- Born: June 25, 1983 (age 42) Itapemirim, Espírito Santo, Brazil
- Other names: Magrão
- Height: 6 ft 0 in (1.83 m)
- Weight: 171 lb (78 kg; 12.2 st)
- Division: Welterweight Middleweight
- Reach: 73 in (185 cm)
- Style: Wrestling, Brazilian Jiu-Jitsu
- Stance: Southpaw
- Fighting out of: Vila Velha, Brazil
- Team: X-Gym
- Rank: Black belt in Brazilian Jiu-Jitsu
- Years active: 2006-present

Mixed martial arts record
- Total: 12
- Wins: 9
- By knockout: 1
- By submission: 2
- By decision: 6
- Losses: 2
- By knockout: 2
- Draws: 1

Other information
- Mixed martial arts record from Sherdog

= Marcelo Guimarães =

Brazilian mixed martial arts fighter

Marcelo Zilio Guimarães (born June 25, 1983) is a Brazilian mixed martial artist who competes in the welterweight division of the UFC.

==Mixed martial arts career==

===Ultimate Fighting Championship===
In his UFC debut, Guimarães faced Dan Stittgen on July 11, 2012, at UFC on Fuel TV 4. He won the fight via split decision.

Guimarães next fight was expected to take place on November 10, 2012, on UFC on Fuel TV: Le vs.

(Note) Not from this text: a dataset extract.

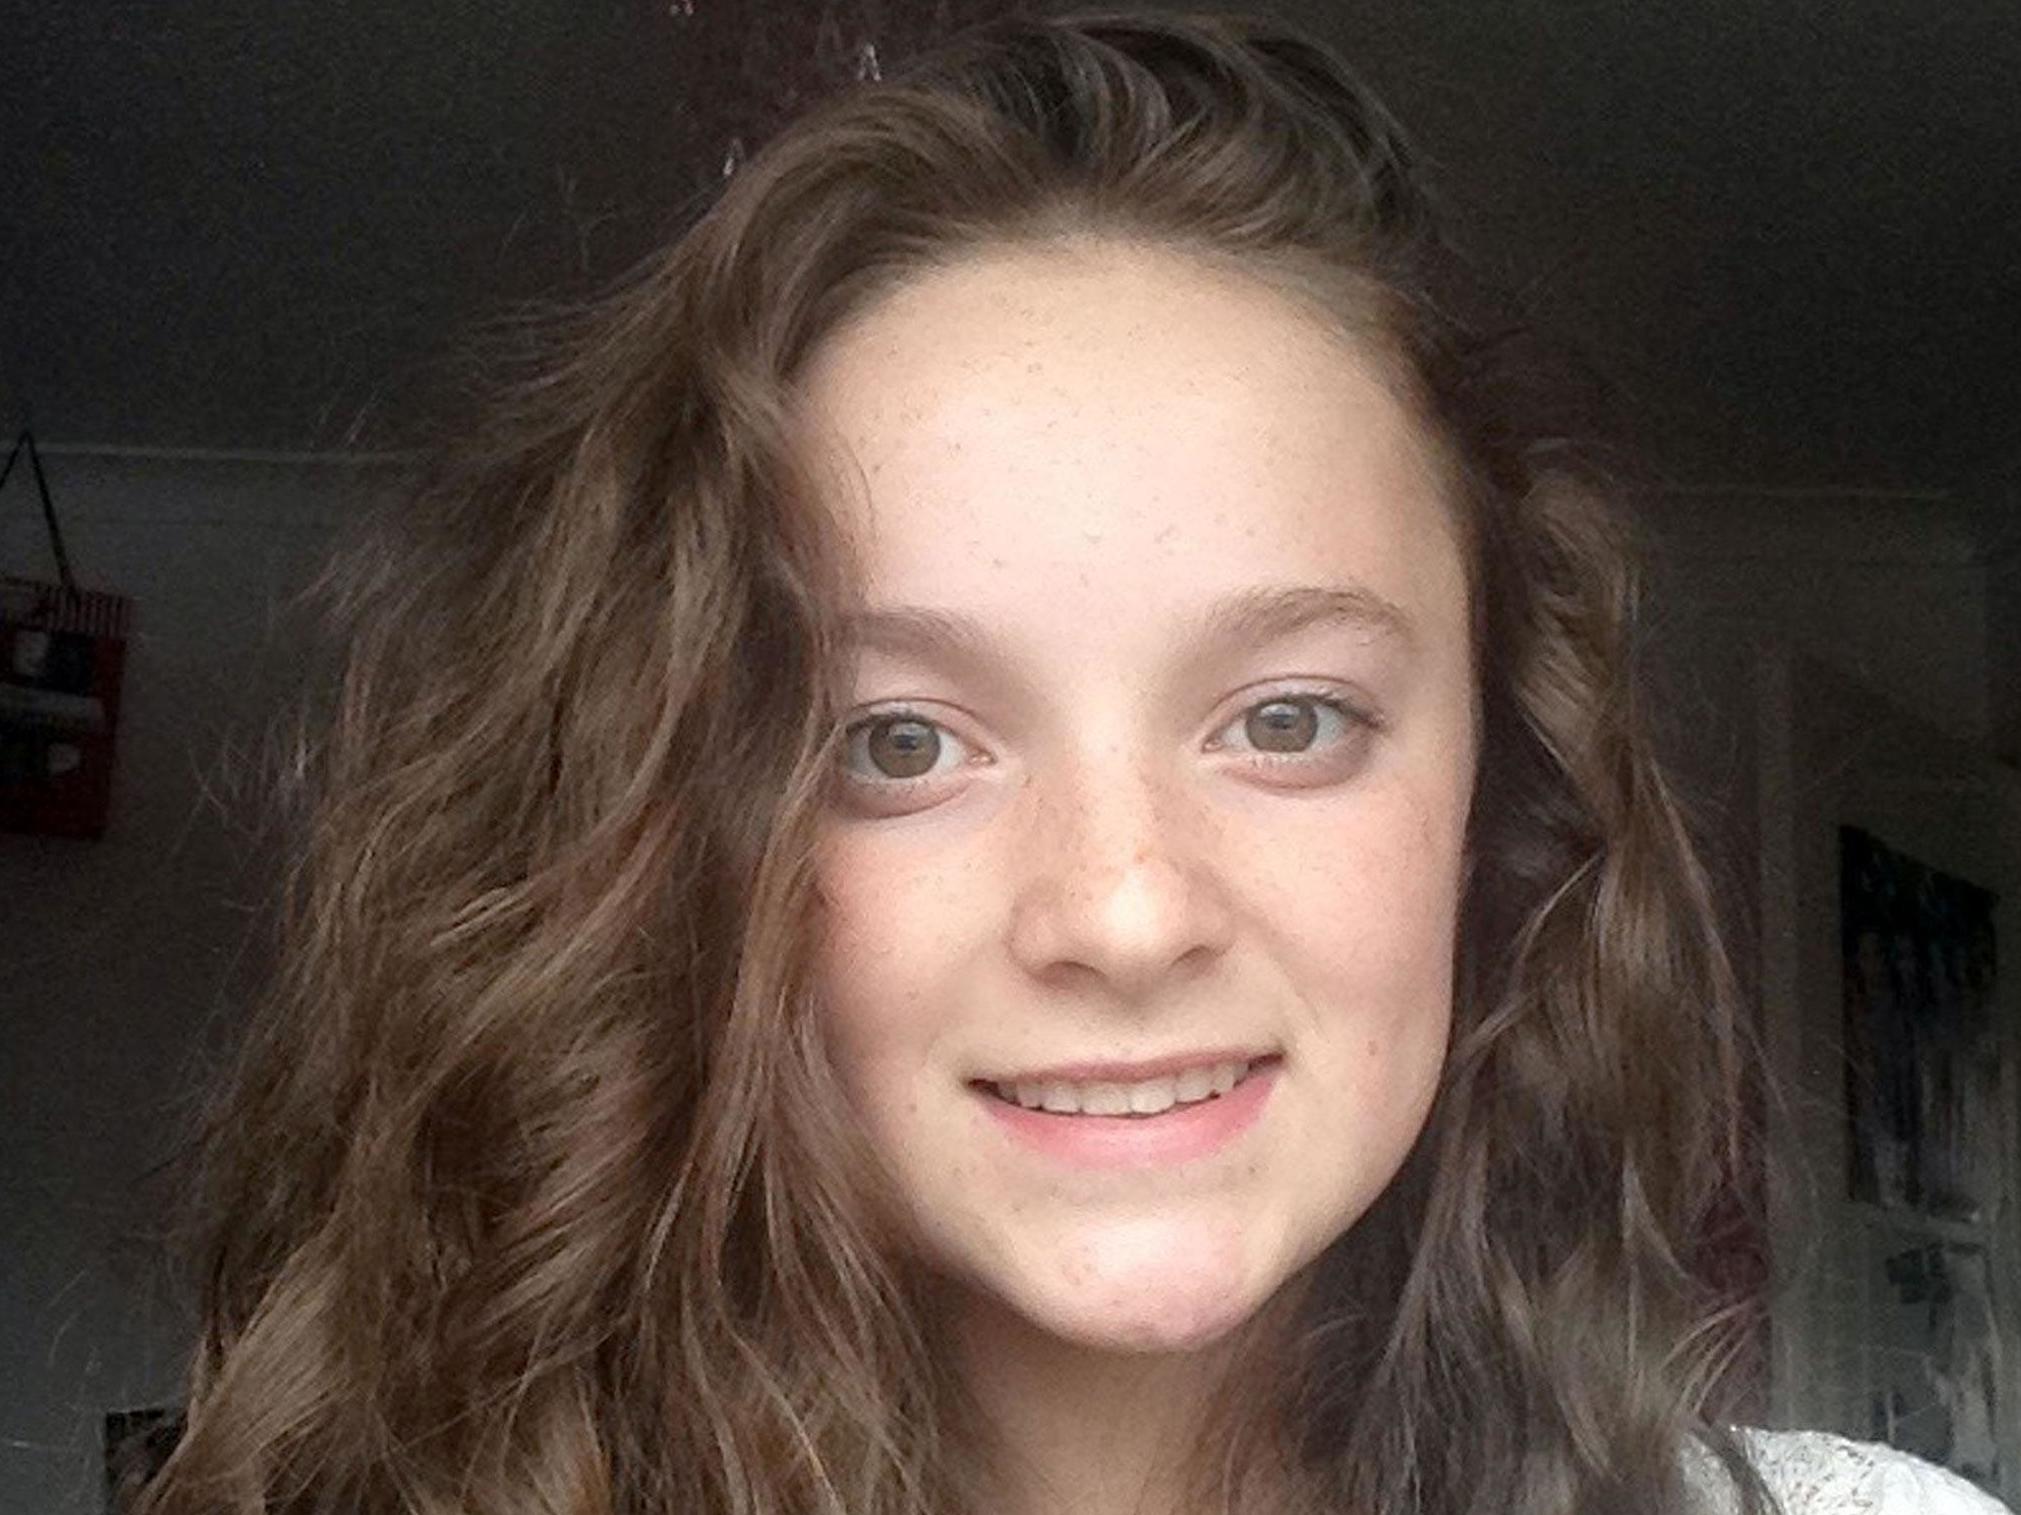 15-year-old Megan Lee died on New Year's Day. She is understood to have suffered an allergic reaction to a takeaway

Franklin against South Korean newcomer, Hyun Gyu Lim. However, he was forced out of the bout with an injury and replaced by David Mitchell.

Guimarães/Lim was rescheduled for March 3, 2013, at UFC on Fuel TV 8. Guimarães lost via second round KO when he was caught flush with a knee.

Guimarães was scheduled to face Keith Wisniewski on September 4, 2013, at UFC Fight Night 28. However, Guimarães pulled out of the bout citing an injury and was replaced by Ivan Jorge.

Guimarães faced Andy Enz in a middleweight bout on June 28, 2014, at UFC Fight Night: Swanson vs. Stephens. He won the fight via split decision.

Guimarães faced Vitor Miranda on March 5, 2016, at UFC 196. He lost the fight via TKO in the second round.

==Championships and accomplishments==
- Jungle Fight
  - Jungle Fight Middleweight Championship (One time)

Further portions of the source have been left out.